Button Three - Flanks hyphen characters with a space character on each side if they don't already exist

@NoDeselect Rename REGEXP PATTERN="(.*)(([^ ])(-)|(-)([^ ]))(.*)" TO="\1\3 \4\5 \6\7"

The entire toolbar can be downloaded at the bottom of this post.

This does all of the original problem except the Titlecase Rename.
Ken got the Titlecase Rename in his solution.
I still think a command line program is the better solution here,
but after working on it several hours yesterday and almost failing,
I just HAD to finish it.

@Ken
Thanks very much for your test files.
They were invaluable ! :stuck_out_tongue:

Regards,
Porcupine
Filename Cleanup Regex -- Porcupine Three Button.dop (1.56 KB)

As Soon as I'm done testing I'm posting a toolbar in the toolbar forum. It will have it all, in one button. I'm not done with the user screens yet.

Hi Ken,

I have a fix and update on my three button solution.
It now works with a single click on each button.

Button One - Removes ( dot | underscore | multiple space ) characters

@NoDeselect Rename REGEXP PATTERN="(.*)(_|\.| )(.*)(\.)(.*)#" TO="\1 \3\4\5"

Button Two - Inserts dot characters between numbers relative to (V | v) characters

@NoDeselect Rename REGEXP PATTERN="(.*)(V|v)((\.[0-9])*)([^\.])([0-9])(.*)#" TO="\1\2\3.\6\7"

Button Three - Flanks hyphen characters with a space character on each side if they don't already exist

@NoDeselect Rename REGEXP PATTERN="(.*)(([^ ])(-)|(-)([^ ]))(.*)#" TO="\1\3 \4\5 \6\7"
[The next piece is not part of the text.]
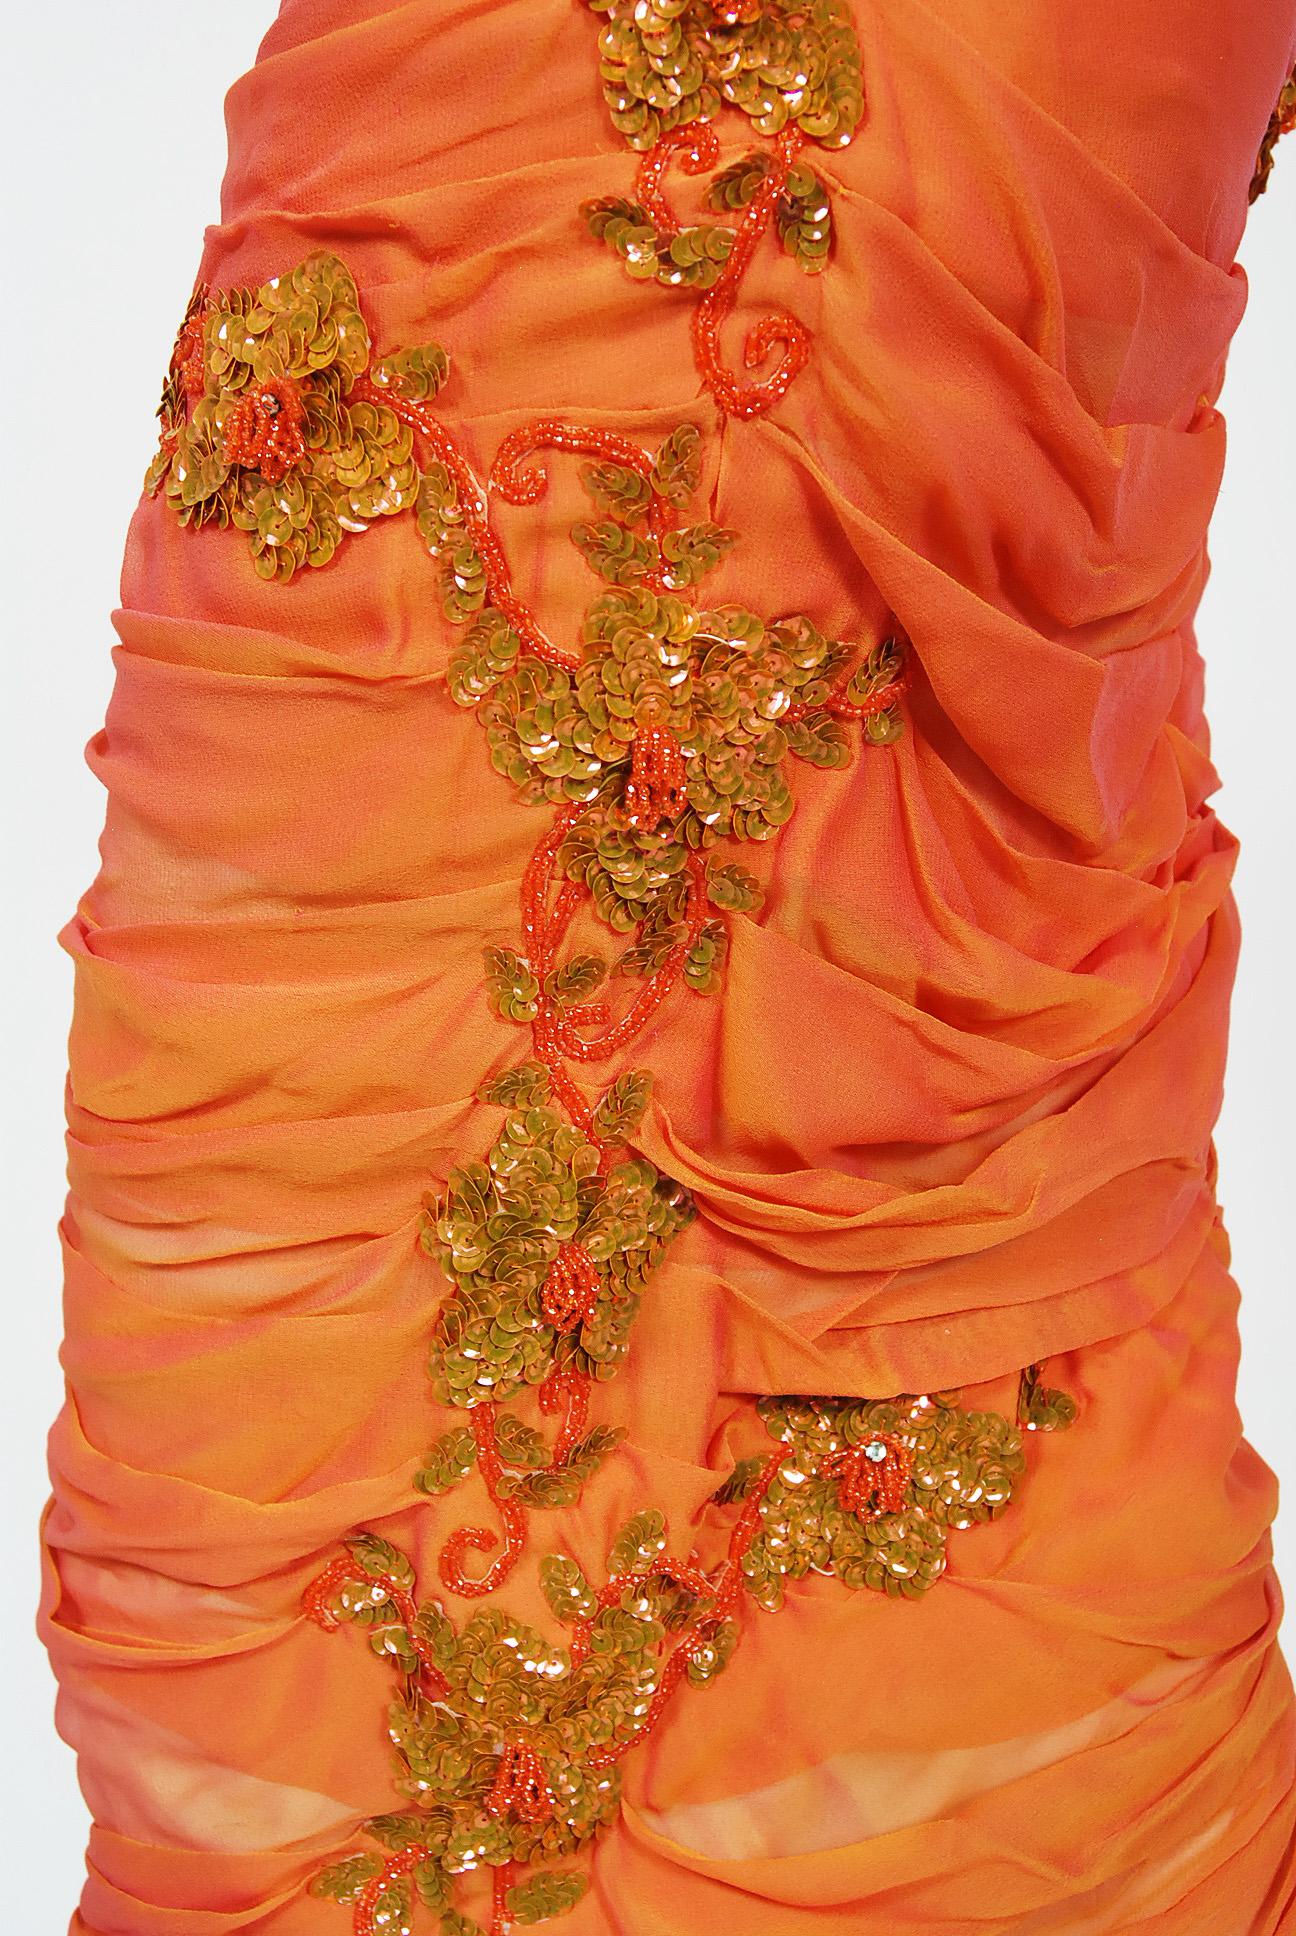 Vintage 1950s Orange Beaded Appliqué Ruched Chiffon Hourglass Old Hollywood Gown 4
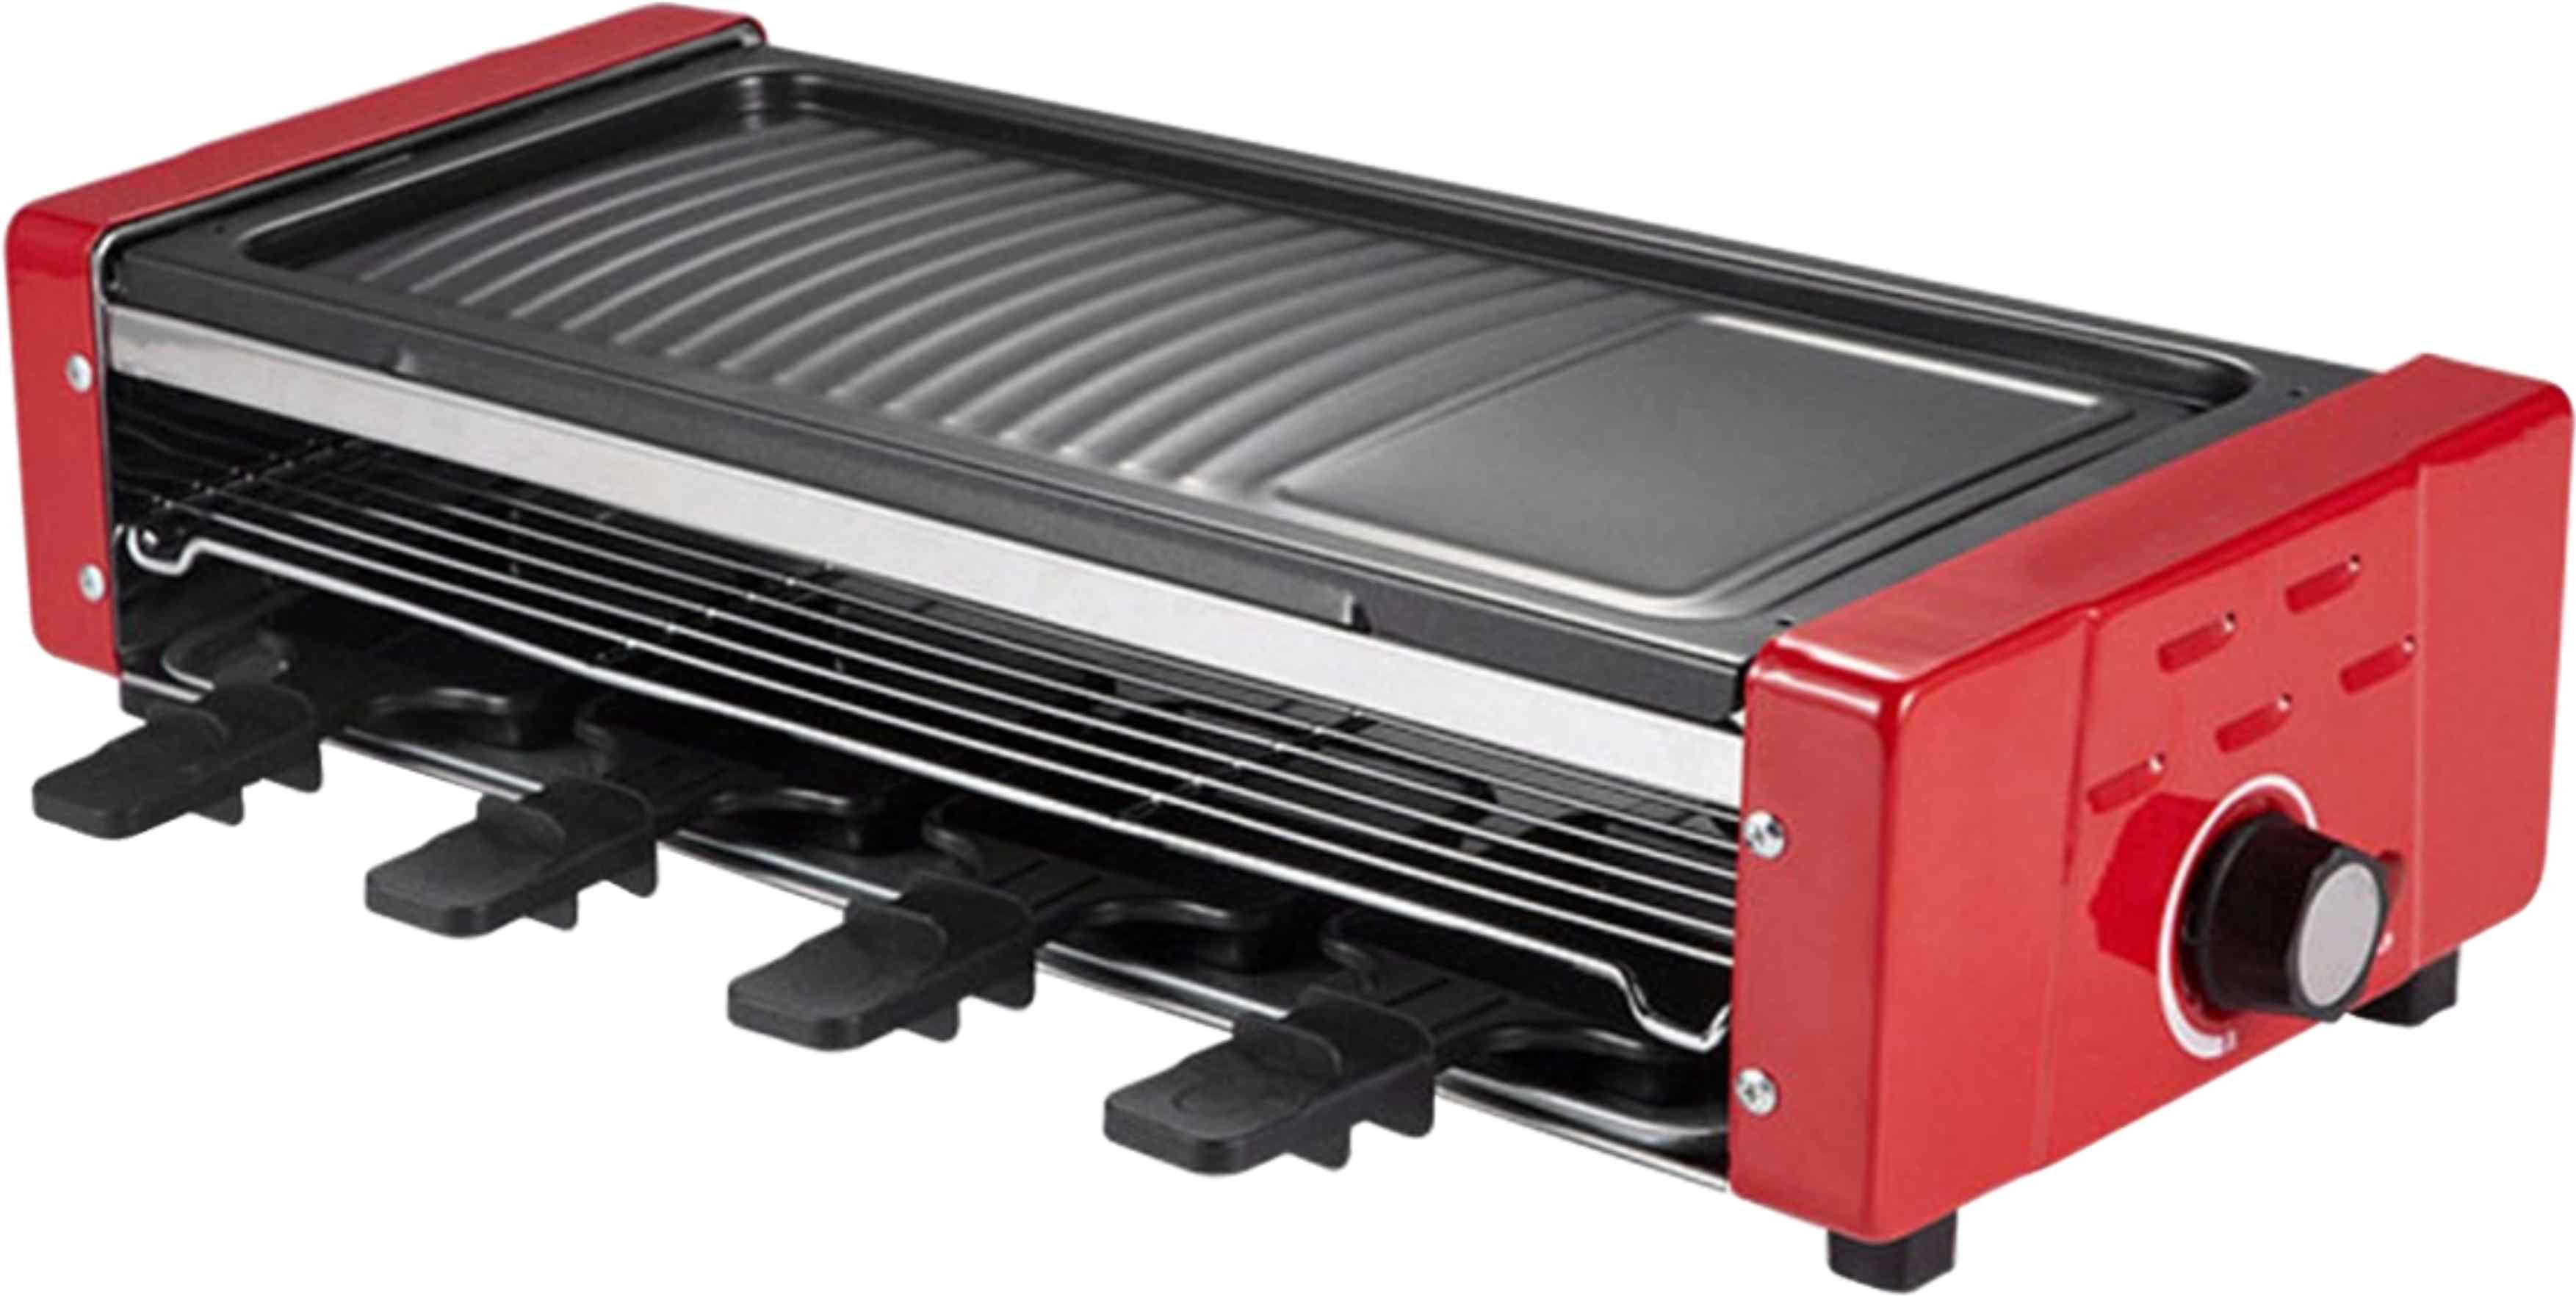 electric bbq grill with two layers

I tried your, AFAIK, undocumented 'trick' of adding a '#' character to the end of the expression.
It worked on buttons one and three, but always froze my computer on button two.
I was stumped for quite some time.
I realized tonight I was creating an infinite loop.
It all seems to work now.

The entire toolbar can be downloaded at the bottom of this post.

Regards,
Porcupine
Filename Cleanup Regex -- Porcupine Three Button- ver2.dop (1.55 KB)

I actually have things worked out to one and only button to the job. I've now created several different toolbar buttons for different file name formats. I am calling "Format Renames", and I will be releasing a Format Rename Toolbar soon. However, I must do more testing on the performance calibration.

I've pioneered three different techniques of using one button.

One technique automates the process, as fast as possible, but is only safe for one file.

One technique automates the process, is as fast and as safely as possible, and is safe for thousands of files.

The other technique is semi-automatic, it is only as safe as the user (it's really for me to test things out).

Right now all I'm working on is some stress testing, and trying to extrapolate the most accurate calibration calculation to use. (All this will be explained in detail in my Toolbar post when I submit it for others to use.)